Friday, March 13, 2009

Episode #10 - Finding Names of Files Matching a String

Hal Says:

This is one of my favorite questions to ask job interviewees, so pay attention!

Question: How would you list the names of all files under a given directory that match a particular string? For example, list all files under /usr/include that reference the sockaddr_in structure.

Most interviewees' first approximations look like this:
$ find /usr/include -type f -exec grep sockaddr_in {} \;

The only problem is that this gives you the matching lines, but not the file names. So part of the trick is either (a) asking me if it's OK to look at the grep manual page or help text (which is really the response I'm looking for), or (b) just happening to know that "grep -l" lists the file names and not the matching lines:
$ find /usr/include -type f -exec grep -l sockaddr_in {} \;

The folks who really interest me, however, are the ones who also strike up a conversation about using xargs to be more efficient:
$ find /usr/include -type f | xargs grep -l sockaddr_in

How much faster is the xargs approach? Let's use the shell's built-in benchmarker and see:
$ time find /usr/include -type f -exec grep -l sockaddr_in {} \; >/dev/null

real 0m12.734s
user 0m2.097s
sys 0m10.713s
$ time find /usr/include -type f | xargs grep -l sockaddr_in >/dev/null

real 0m0.410s
user 0m0.108s
sys 0m0.344s

You really, really want to use "find ... | xargs ..." instead of "find ... -exec ..."

Paul Says:

That's an awesome tip! I immediately put this to good use when using Metasploit. One of the requests we most often get from students when using metasploit is a way to find the exploit for a particular vulnerability. Metasploit has built in a search feature, but grep is far more powerful and comprehensive. Since all of the modules and exploits within metasploit are just Ruby files, you can use the method above to seek out functionality in Metasploit:

find ./modules/ -type f | xargs grep -li 'ms08\_*' | grep -v ".svn"

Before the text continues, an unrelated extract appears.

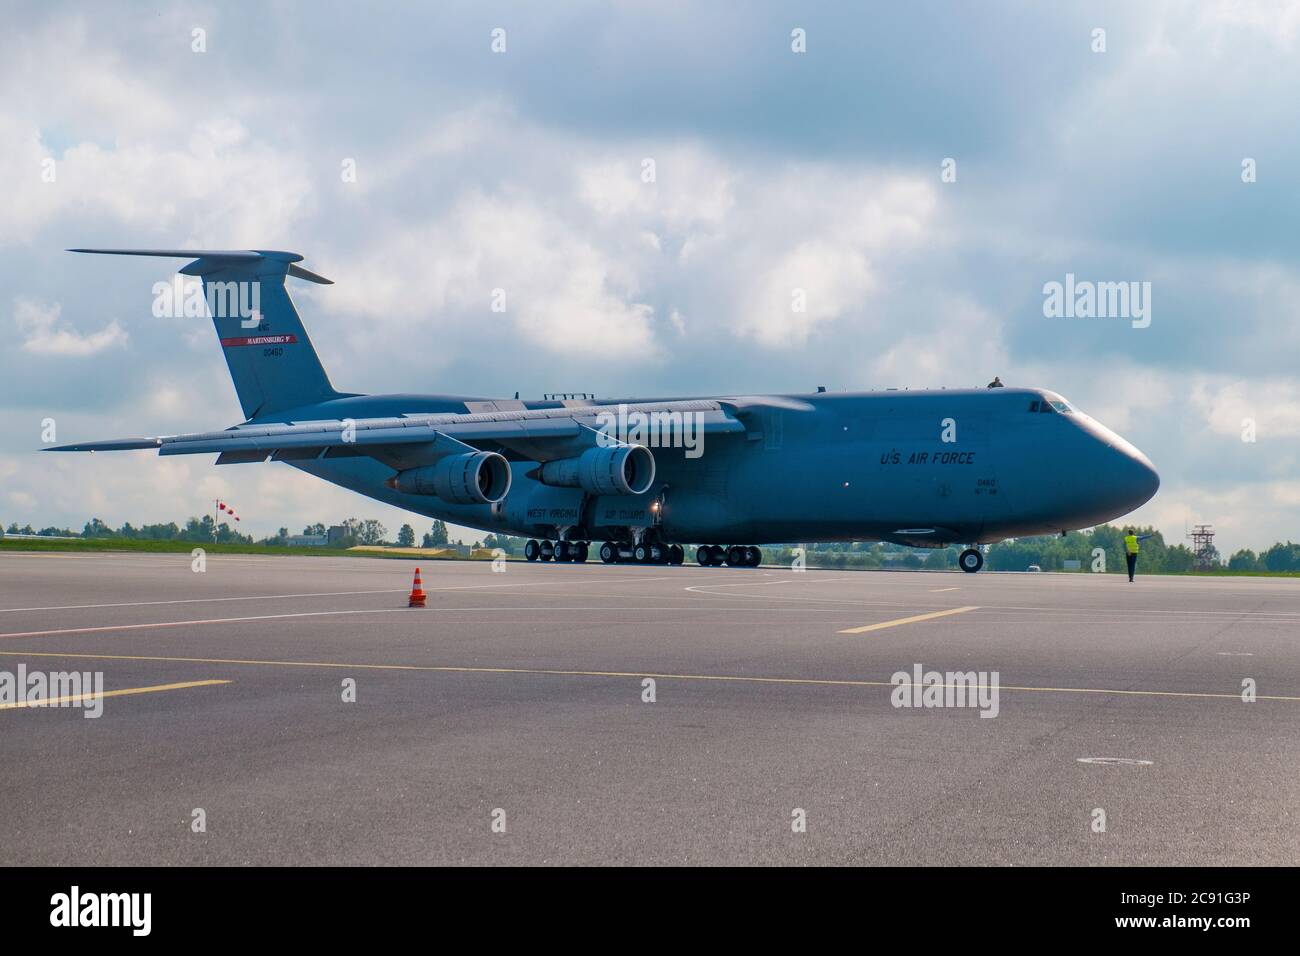 A jumbo C-5 Air Force plane flown by the Air National Guard from West Virginia carrying a load of Strykers lands. On the Tarmac at the Vilnius Interna Stock Photo
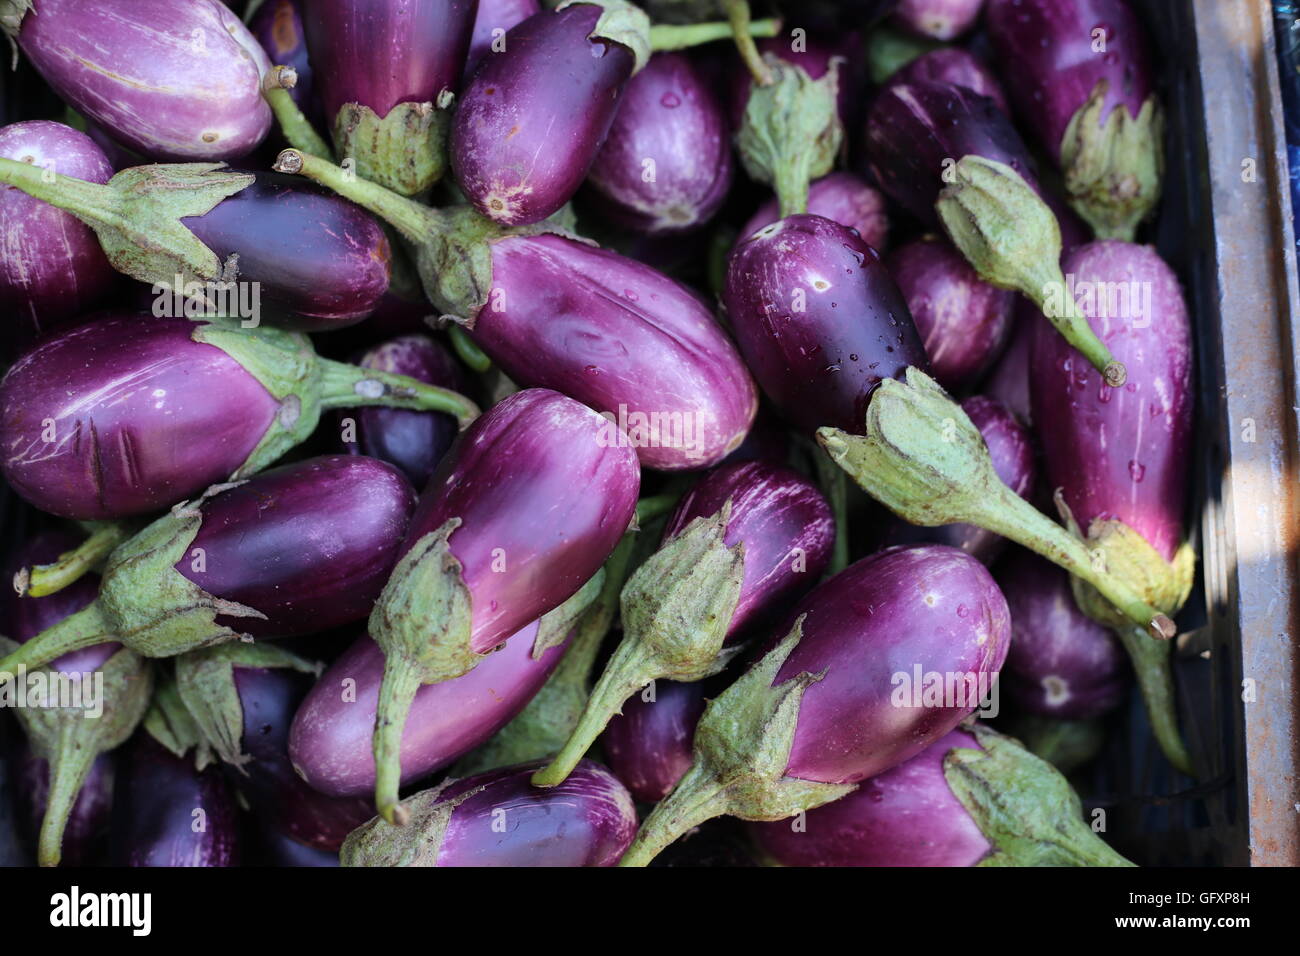 Eggplants. Stack of small fat eggplant in an impromptu market stand. Stock Photo

The above command will find all modules that contain references to "ms08", indicating an exploit for a vulnerability released by Microsoft in 2008.

Ed throws in his two cents:

On Windows, we have two string search tools: find and findstr. The latter has many more options (including the ability to do regex). We can use it to answer Hal's interview question with the /m option to print only the file name. Why /m? I guess because "Name" has an "m" in it, and /n was already taken to tell findstr to print line numbers.

So, the results is:
C:\> findstr /d:[directory] /m [string] [files]

The [files] lets you specify what kind of files you want to look in, such as *.ini or *.txt. To look in any kind of file, just specify a *. Also, to make it recurse the directory you specify, add the /s option.

How about an example? Suppose you want to look in C:\windows and its subdirectories for all files that contain the string "mp3". You could run:

C:\> findstr /s /d:c:\windows /m mp3 *
Another useful feature of findstr is its ability to find files that contain only printable ASCII characters using the /p flag. That is, any file with unprintable, high-end ASCII sequences will be omitted from the output, letting you focus on things like txt, inf, and related simple text files often associated with configuration:
C:\> findstr /s /p /d:c:\windows /m mp3 *
Be careful with the /p, however. You may be telling findstr to leave out a file that is important to you simply because it has one high-end ASCII sequence somewhere in the file.

Also, thanks, Hal, for now making me lust after not only xargs, -exec, ``, head, tail, awk, sed, and watch. Now, I really want a real "time" command in Windows. And, no, I'm not talking about the goofy built-in Windows time command that shows you the time of day. I'm talking about seeing how long it took another command to run. Thank goodness for Cygwin!